There is space now to get to that understanding.

“It’s the moment for diversity to step forward, more than any moment I’ve seen in my lifetime,” he said.

Right now the broader white community has been awakened and is focused on the issue.  

“Black people have been screaming and yelling and talking about this for years…and it took this vicious murder on TV to open the eyes of many white people,” said Kelly Charles-Collins, an employment trial attorney and ceo of HR Legally Speaking. “They didn’t have a choice, but to pay attention [to the killing of Floyd, who was held down, a knee on his neck, for eight minutes and 46 seconds]. “They didn’t have a choice but to pay attention. It was so long. It was so callous. It was so in their face that they didn’t have a choice, but to pay attention.
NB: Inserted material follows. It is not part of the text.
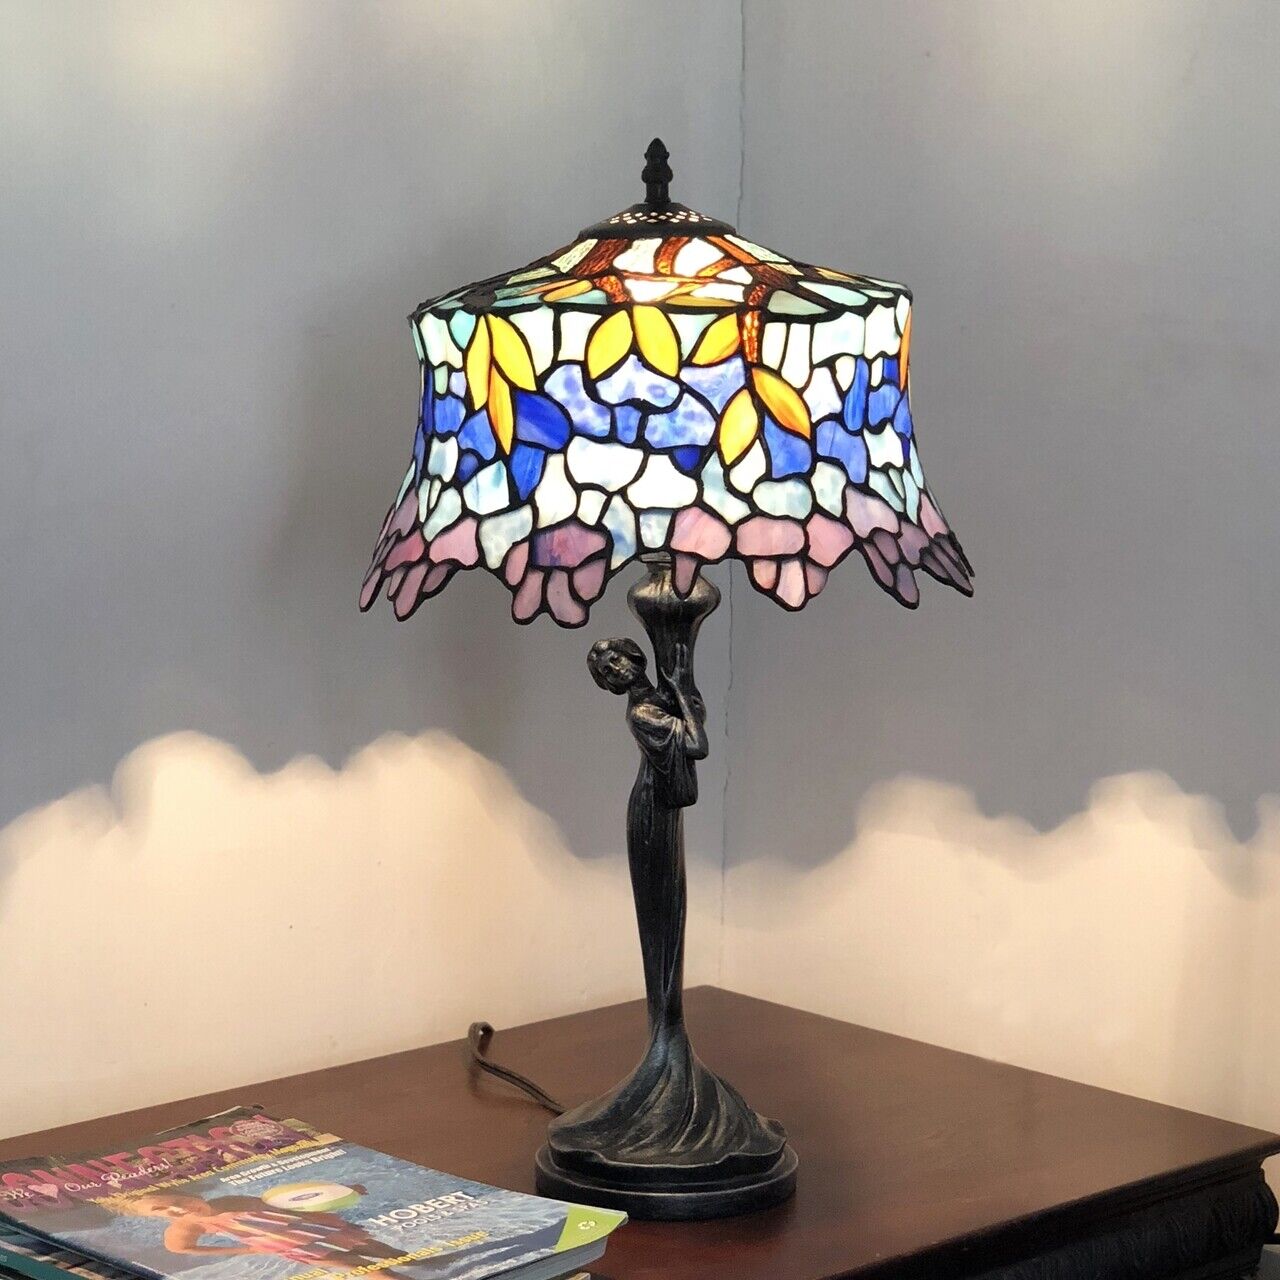 22" Antique Vintage Style Stained Glass Wisteria Floral Table Lamp
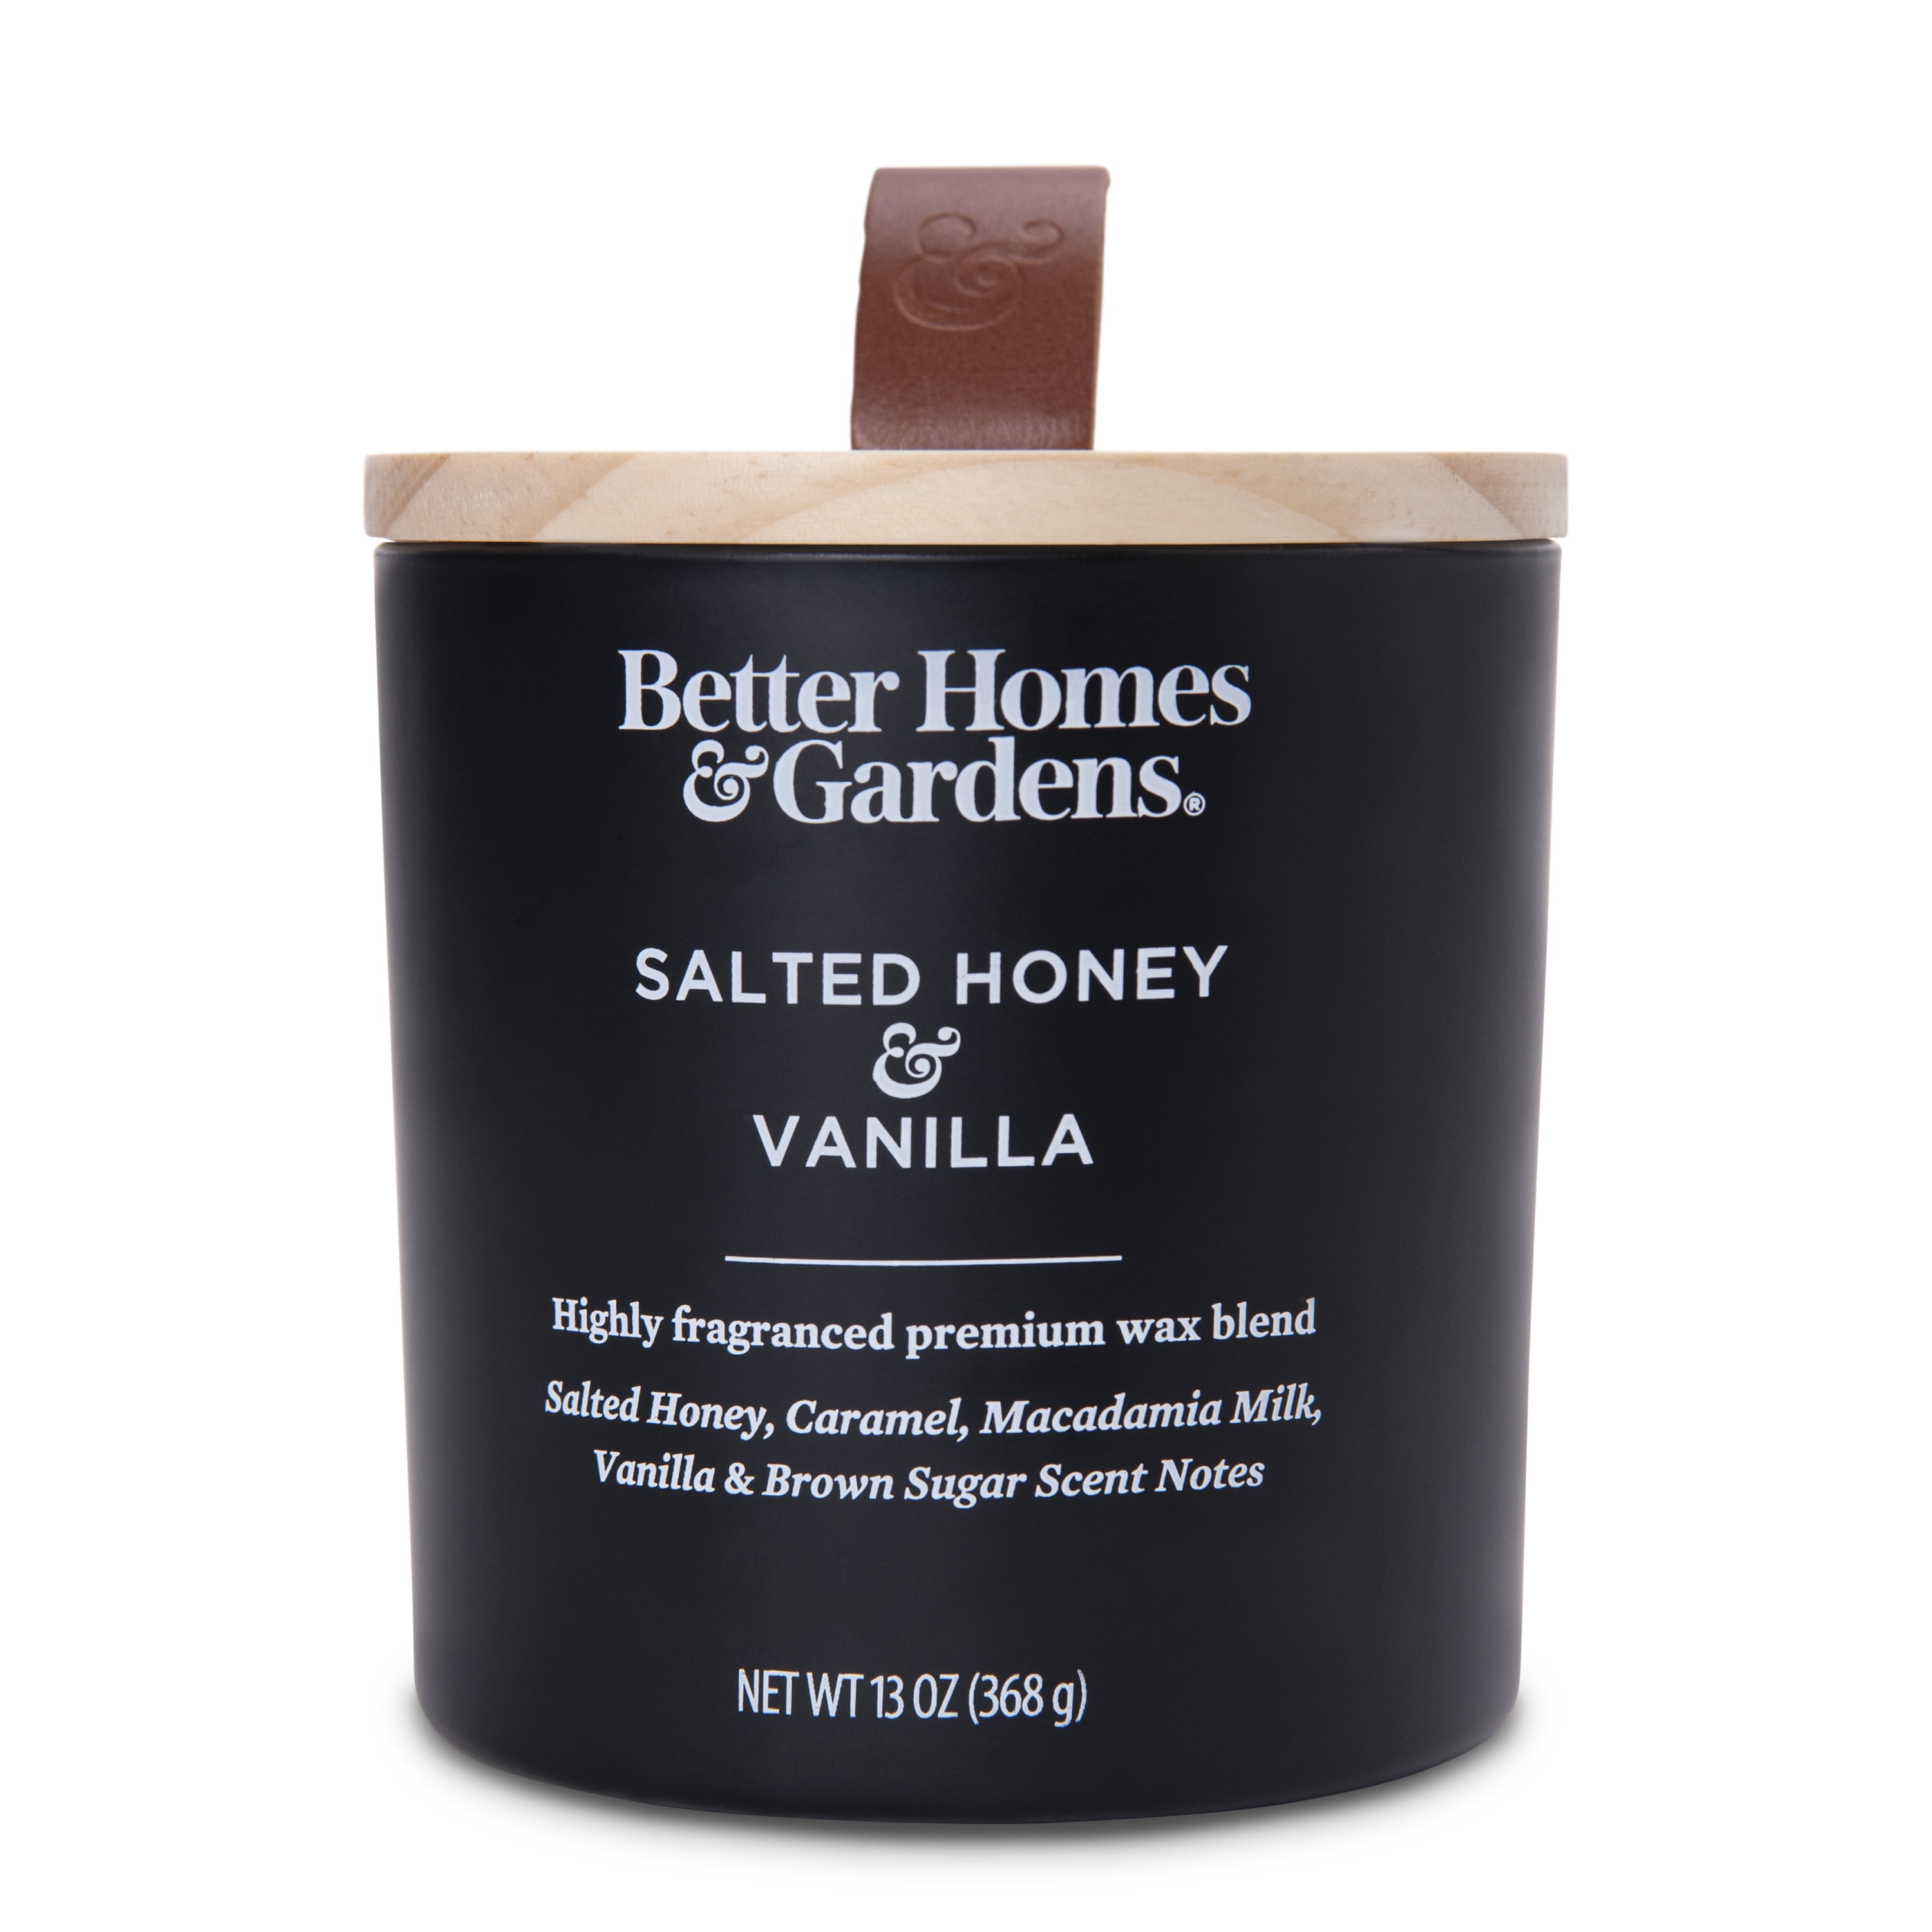 Better Homes & Gardens 13oz Salted Honey & Vanilla Scented Wooden Wick Candle

“The discomfort that white people feel at this moment is going to go away,” Charles-Collins said. “They will be able to go back to the, I don’t see, I don’t hear, I don’t know.”

To be part of the solution, fashion companies are going to have to go beyond words and take action, weaving equality into their operations by incorporating it into strategic planning and by making sure people have spaces to express their feelings.

That requires “acceptance that your culture is not as welcoming or as inclusive as you thought it was,” she said and then acting. “Knowing is good, but applied knowledge is what makes a difference.” 

There is also hope in the next generation.

“Gen Z seems to be enlightened in all the ways in how the world is diverse,” Charles-Collins said. “For them, I think the challenge will be how do you challenge [the status quo] in a way that creates sustained change. And they need the rest of us to help in that. It’s systemic, so the system has to be dismantled. The people who benefit from the system have to want to change it.”